DISCOVERY PROJECT

Predator/Prey Models

Sine and cosine functions are used primarily in physics and engineering to model oscillatory behavior, such as the motion of a pendulum or the current in an $AC$ electrical circuit. But these functions also arise in the other sciences. In this project, we consider an application to biology—we use sine functions to model the population of a predator and its prey.

An isolated island is inhabited by two species of mammals: lynx and hares. The lynx are predators who feed on the hares, their prey. The lynx and hare populations change cyclically, as graphed in Figure 1. In part $A$ of the graph, hares are abundant, so the lynx have plenty to eat and their population increases.
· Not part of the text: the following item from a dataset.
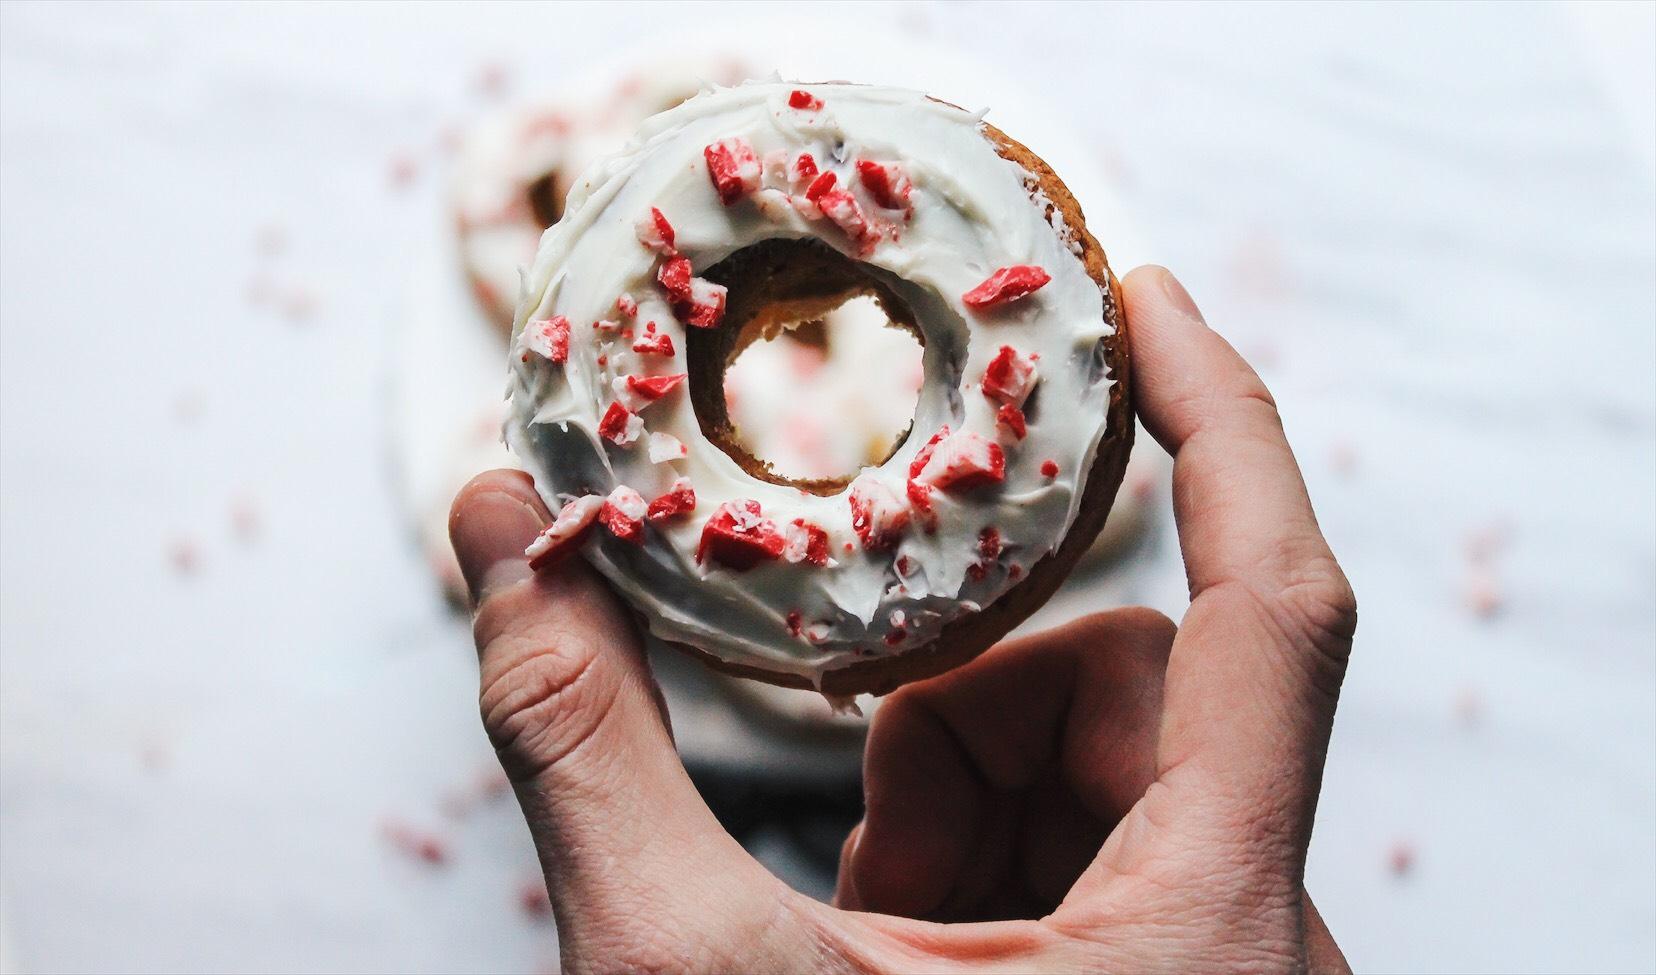 donut in hand

By the time portrayed in part $B$, so many lynx are feeding on the hares that the hare population declines. In part $C$, the hare population has declined so much that there is not enough food for the lynx, so the lynx population starts to decrease. In part $D$, so many lynx have died that the hares have few enemies, and their population increases again. This takes us back to where we started, and the cycle repeats over and over again.

The graphs in Figure 1 are sine curves that have been shifted upward, so they are graphs of functions of the form $$y = a \; \sin \; k(t - b) + c$$

Here $c$ is the amount by which the sine curve has been shifted vertically. Note that $c$ is the average value of the function, halfway between the highest and lowest values on the graph. The amplitude $|\; a \; |$ is the amount by which the graph varies above and below the average value (see Figure 2).
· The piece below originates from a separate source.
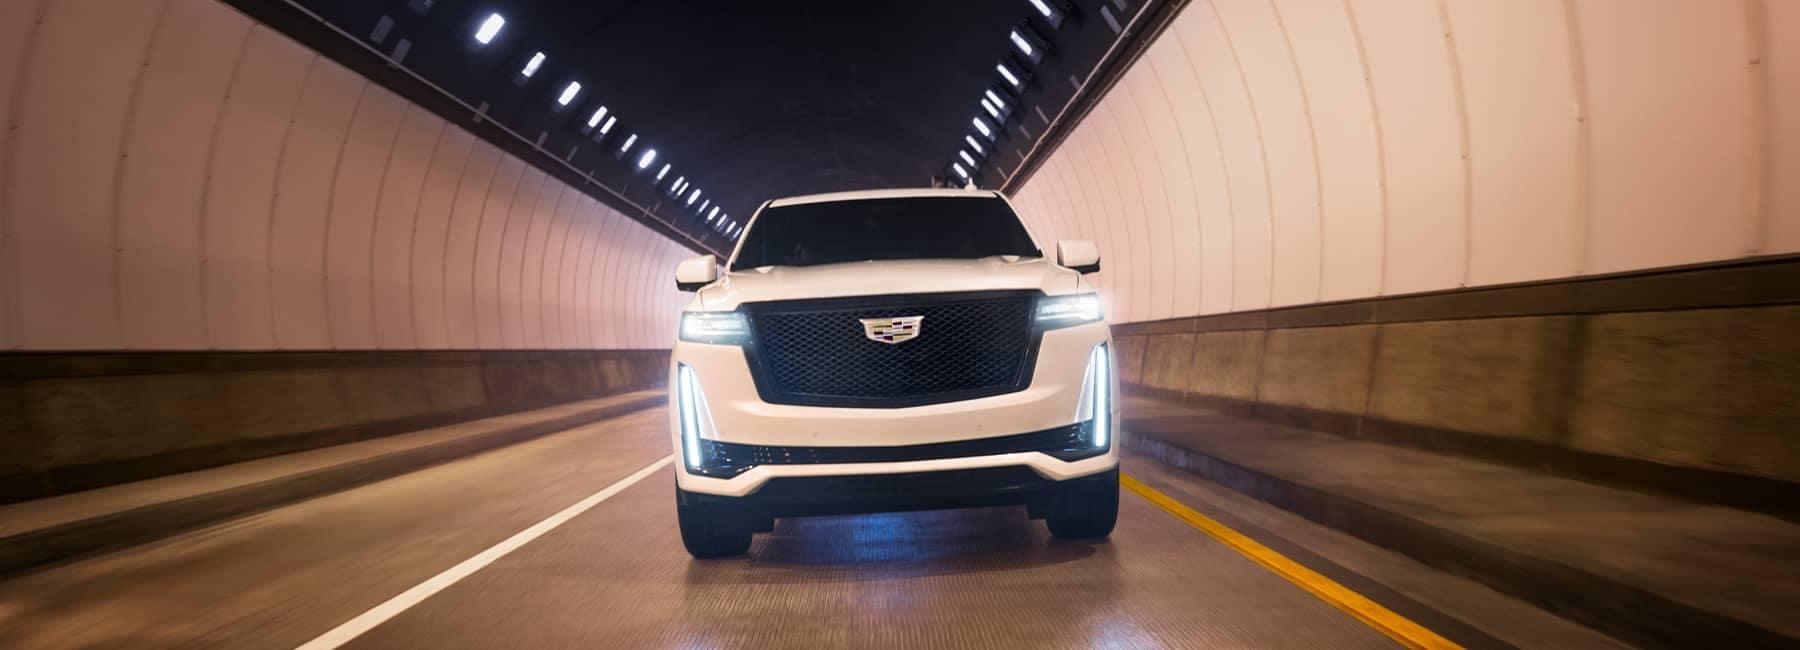 2021 Cadillac Escalade on the road at night

$$y = a \; \sin \; k(t - b) + c$$

1. Find functions of the form $y = a \; \sin \; k(t - b) + c$ that model the lynx and hare populations graphed in Figure 1. Graph both functions on your calculator and compare to Figure 1 to verify that your functions are the right ones.
2. Add the lynx and hare population functions to get a new function that models the total mammal population on this island. Graph this function on your calculator, and find its average value, amplitude, period, and phase shift. How are the average value and period of the mammal population function related to the average value and period of the lynx and hare population functions?
3. A small lake on the island contains two species of fish: hake and redfish. The hake are predators that eat the redfish. The fish population in the lake varies periodically with period $180$ days. The number of hake varies between $500$ and $1500$, and the number of redfish varies between $1000$ and $3000$. The hake reach their maximum population $30$ days after the redfish have reached their maximum population in the cycle.
   1. Sketch a graph (like the one in Figure 1) that shows two complete periods of the population cycle for these species of fish. Assume that $t = 0$ corresponds to a time when the redfish population is at a maximum.
   2. Find cosine functions of the form $y = a \; \cos \; k(t - b) + c$ that model the hake and redfish populations in the lake.
4. In real life, most predator/prey populations do not behave as simply as the examples we have described here. In most cases, the populations of predator and prey oscillate, but the amplitude of the oscillations gets smaller and smaller, so that eventually both populations stabilize near a constant value. Sketch a rough graph that illustrates how the populations of predator and prey might behave in this case.